33. Meşru beklenti, objektif temelden uzak olmayıp belirli bir kanun hükmüne veya başarılı olma ihtimalinin yüksek olduğunu gösteren yerleşik bir yargı içtihadına ya da ayni menfaatle ilgili hukuki bir işleme dayanan yeterli derecede somut nitelikteki bir beklentidir (Selçuk Emiroğlu [1. B.], B. No: 2013/5660, 20/3/2014, § 28; Mehmet Şentürk [GK], B. No: 2014/13478, 25/7/2017, § 42). Dolayısıyla Anayasa ve AİHS'in ortak koruma kapsamında olan meşru beklentiye dayalı mülkiyet hakkının tespiti mevcut hukuk sisteminde iddia edilen mülkiyet iddiasının tanınmasına bağlı olup bu tespit, mevzuat hükümleri ve yargı kararları ile yapılmaktadır (Üçgen Nakliyat Ticaret Ltd. Şti. [2. B.], B. No: 2013/845, 20/11/2014, § 37). Temelsiz bir hak kazanma beklentisi veya sadece mülkiyet hakkı kapsamında ileri sürülebilir bir iddianın varlığı meşru beklentinin kabulü için yeterli değildir (Kemal Yeler ve Ali Arslan Çelebi [1. B.], B. No: 2012/636, 15/4/2014, § 37).

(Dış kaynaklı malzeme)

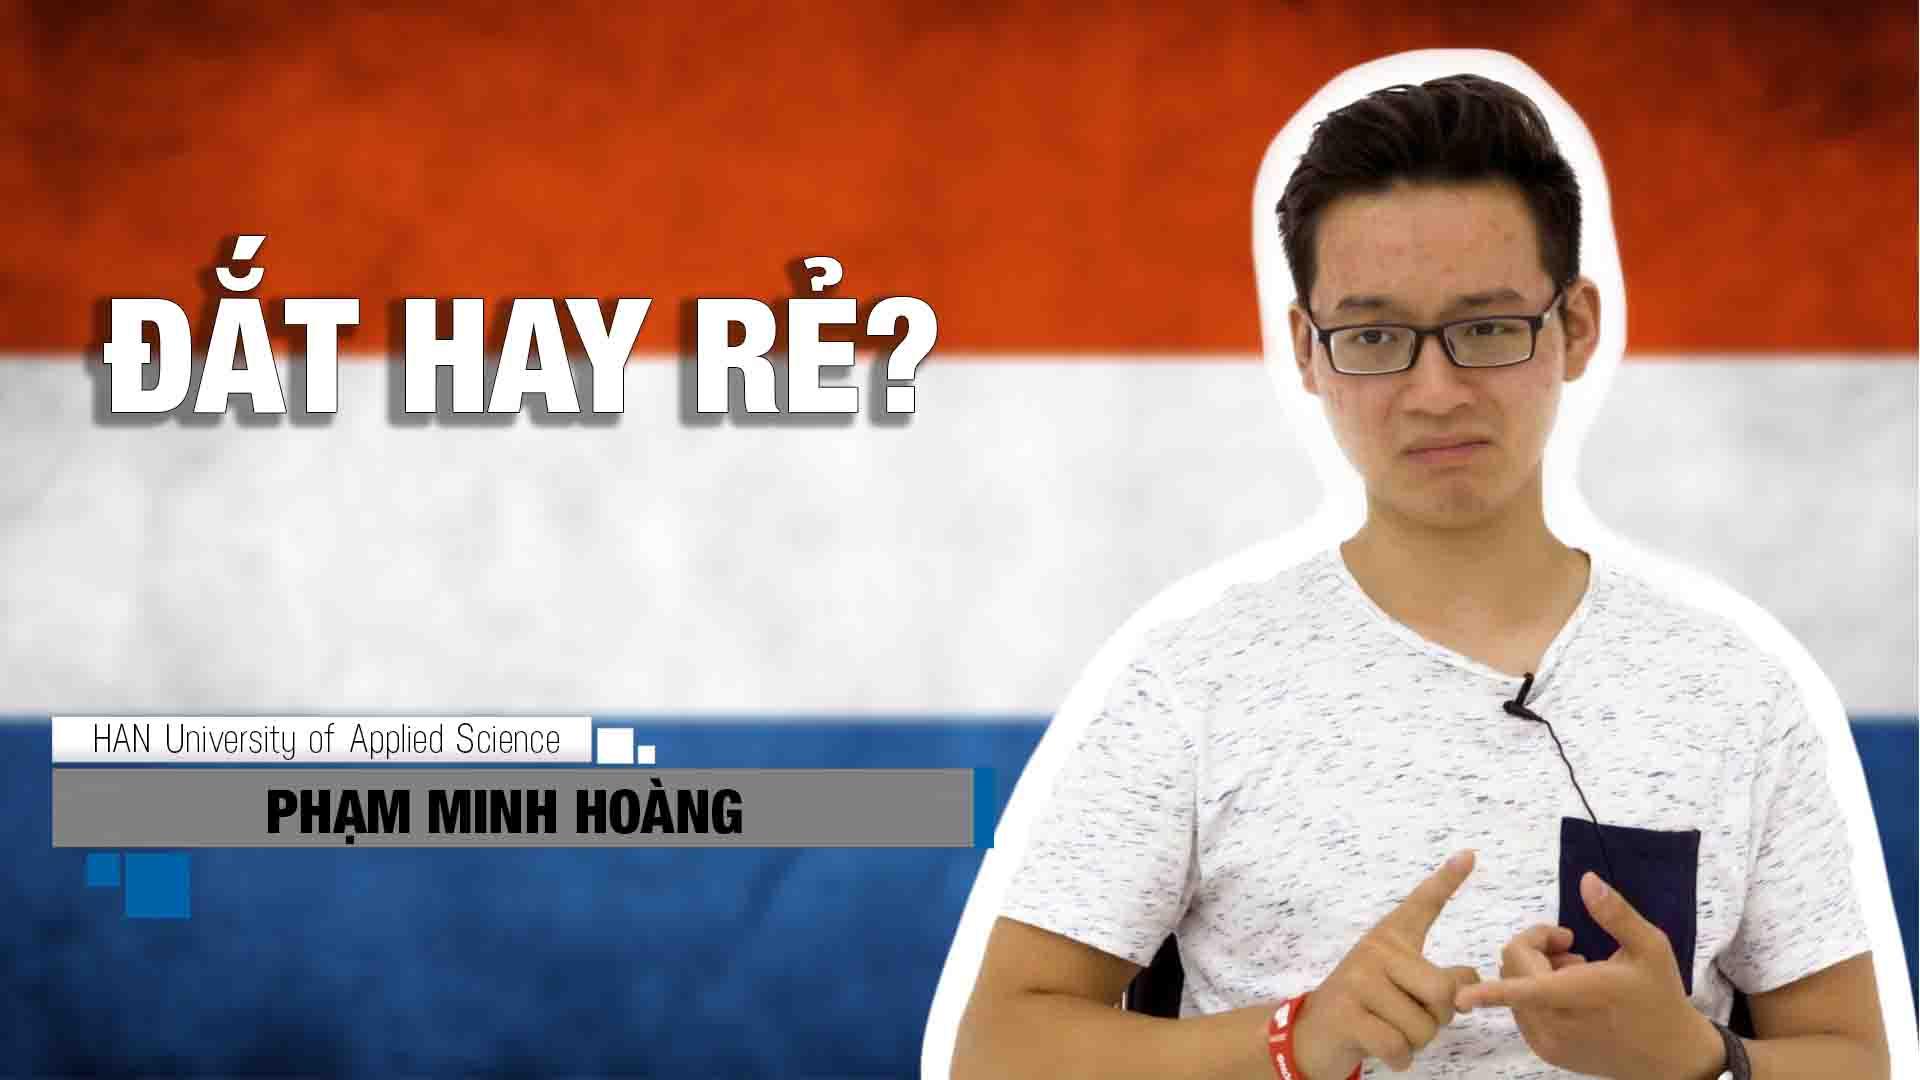 """Vì sao Hà Lan lại là """"best option""""? Du học Hà Lan đắt hay rẻ? Hãy nghe bạn Phạm Minh Hoàng hiện đang học tại đại học Khoa học Ứng dụng HAN chia sẻ về chi tiêu của mình nhé."""

34. Eldeki başvuruda başvurucu, Siirt İcra Müdürlüğünün E.2014/7336 sayılı dosyası üzerinden vekil sıfatıyla takip başlatmış; takip kesinleşmiş ancak süresinde haciz talebinde bulunmadığından İcra Müdürlüğünün 26/10/2016 tarihli kararıyla dosya işlemden kaldırılmıştır. Başvurucu, sözleşmeyi haklı sebeplerle feshettiğinin Bölge Adliye Mahkemesi kararı ile sabit olduğunu kabul ederek Siirt İcra Müdürlüğünün E.2014/7336 takip dosyası nedeniyle vekâlet ücreti alacağının tahsili için Diyarbakır İcra Dairesinin E.2020/143130 sayılı dosyası üzerinden Şirket aleyhine ilamsız takip yapmıştır. Takibin itiraz üzerine durması sonrasında başvurucunun açtığı itirazın iptali davası kesin olarak reddedilmiştir. Bir başka ifadeyle başvurucunun Siirt İcra Müdürlüğünün E.2014/7336 sayılı dosyası nedeniyle vekâlet ücreti alacağına yönelik istemi Mahkemece kabul edilmemiştir. Bu itibarla başvurucunun Siirt İcra Müdürlüğünün E.2014/7336 sayılı dosyası nedeniyle mülkiyet hakkının korumasında olan mevcut bir mülkünün bulunmadığı açıktır.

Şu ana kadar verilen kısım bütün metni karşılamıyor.